Acute XRT-related injury of the small bowel includes mucosal necrosis (ie, direct cell death) and ulcerations that may present as diarrhea, pain, malabsorption, weight loss, bleeding, and perforation.4,8,10,26-28 Fortunately, in most patients, these are self-limited and can be managed symptomatically. Loperamide is the first-line medication for diarrhea, although Lomotil (diphenoxylate/atropine) may also be used if necessary.4,8,10,26-28 Nutrition may be challenging in severe cases, and if dietary modifications and supplementation do not prove sufficient, home parenteral nutrition is required.
Over time, chronic small bowel pathology may develop, including strictures in 3% to 15%, fistulae in 0.6% to 4.8%, secondary neoplasia in up to 10%, dysmotility- or adhesion-related small intestinal bacterial overgrowth in up to 45%, and malabsorption with associated nutritional deficiency in up to 63%.26-28 Other common XRT-related complications are chronic pain, which could be due to adhesions or ischemia, small intestinal bacterial overgrowth, or partial bowel obstruction, and telangiectasias that result with acute or chronic blood loss.13
Imaging of small bowel disease to diagnose the various manifestations of radiation enteropathy is challenging. Conventional X-rays may be difficult to interpret. Therefore, computerized tomography or magnetic resonance enterography, capsule endoscopy, or balloon-assisted enteroscopy is preferred—depending on availability, local expertise, and the suspected pre-procedure diagnosis.
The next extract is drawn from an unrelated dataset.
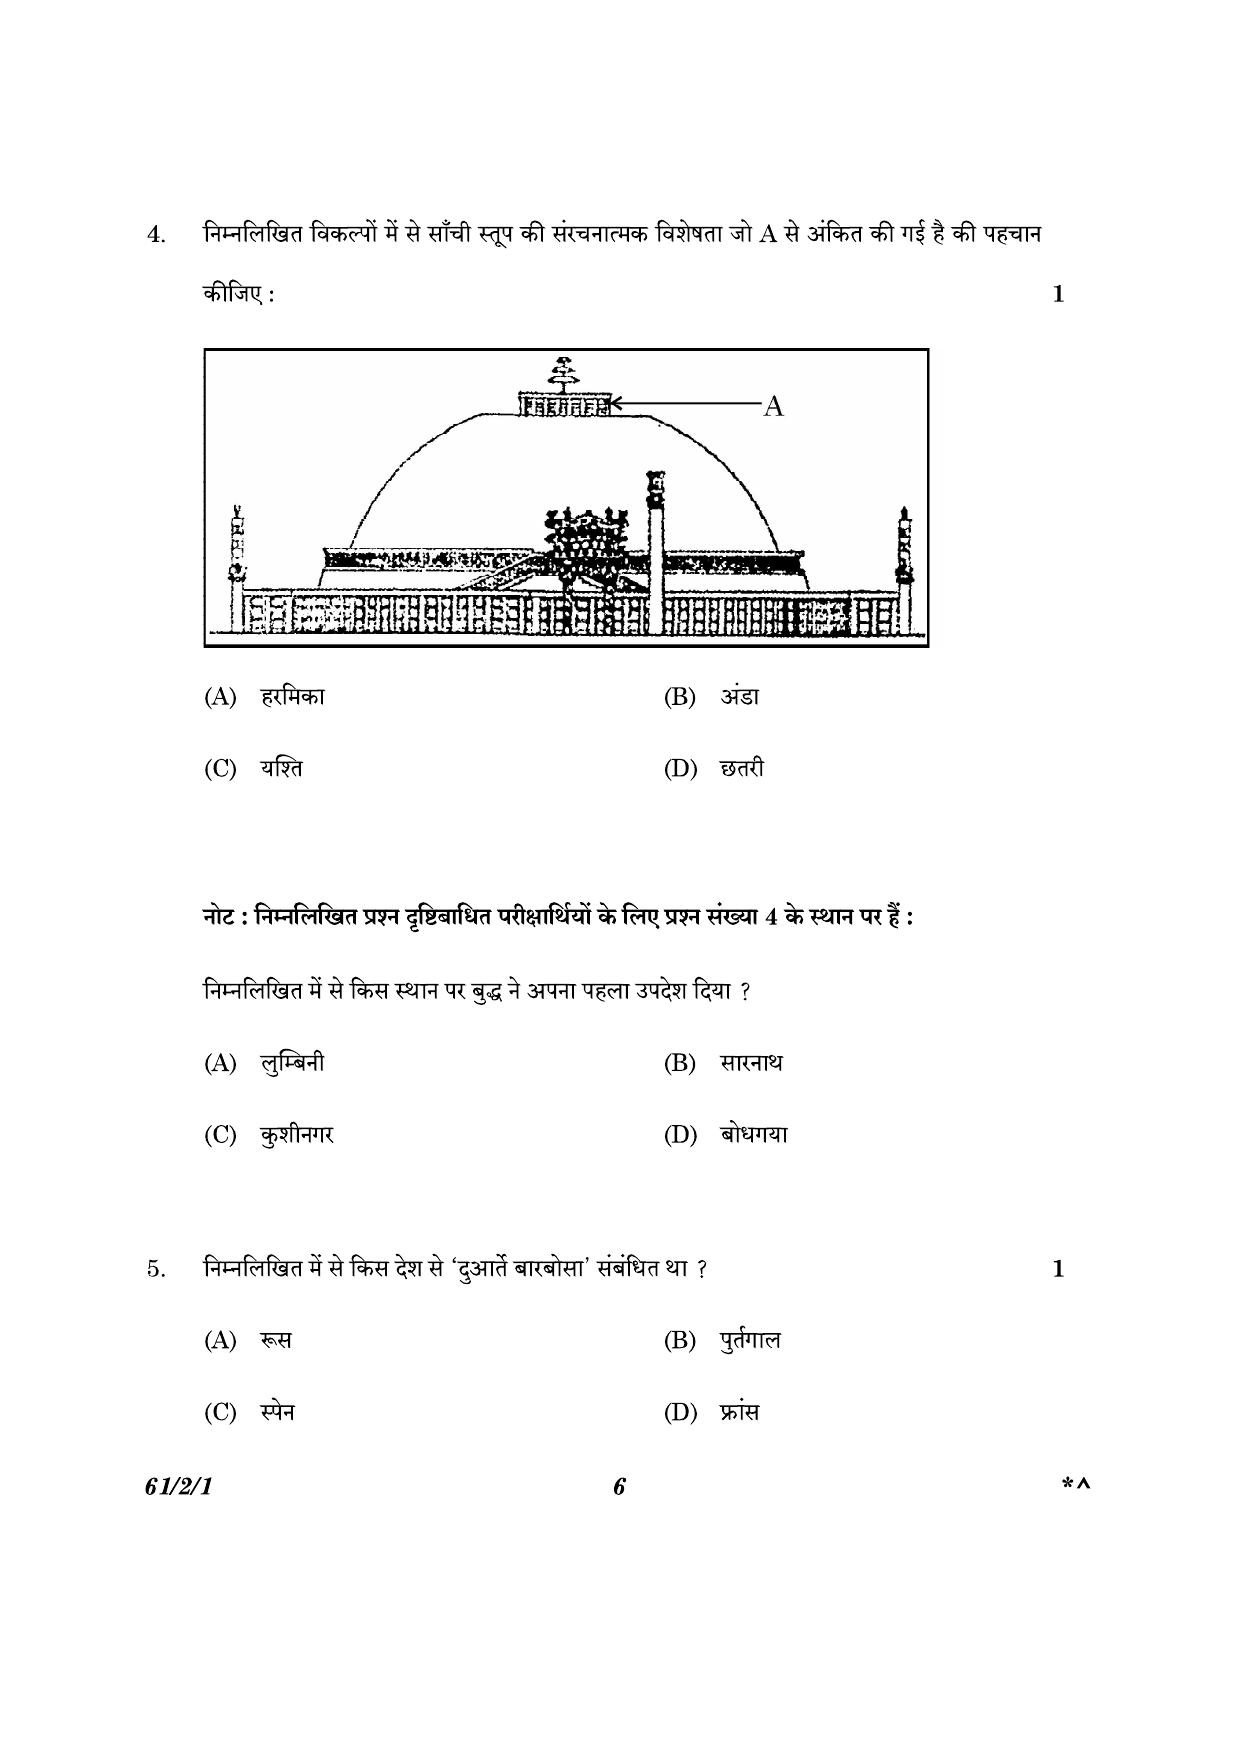 CBSE Class 12 61-2-1 History 2023 Question Paper - Page 6

Telangiectasias are not seen on cross-sectional imaging but can be seen with capsule endoscopy (which should not be ordered if stricture is suspected unless a patency capsule has been tried). Single or double balloon enteroscopy (specialized endoscopes intended for reaching the mid and distal ileum), which has been used to treat strictures or telangiectasia in healthy tissues,29 can be difficult or impossible in post-XRT patients because adhesions may limit progress of the scope to the area of interest, and forceful advancement of the scope increases the risk of perforation.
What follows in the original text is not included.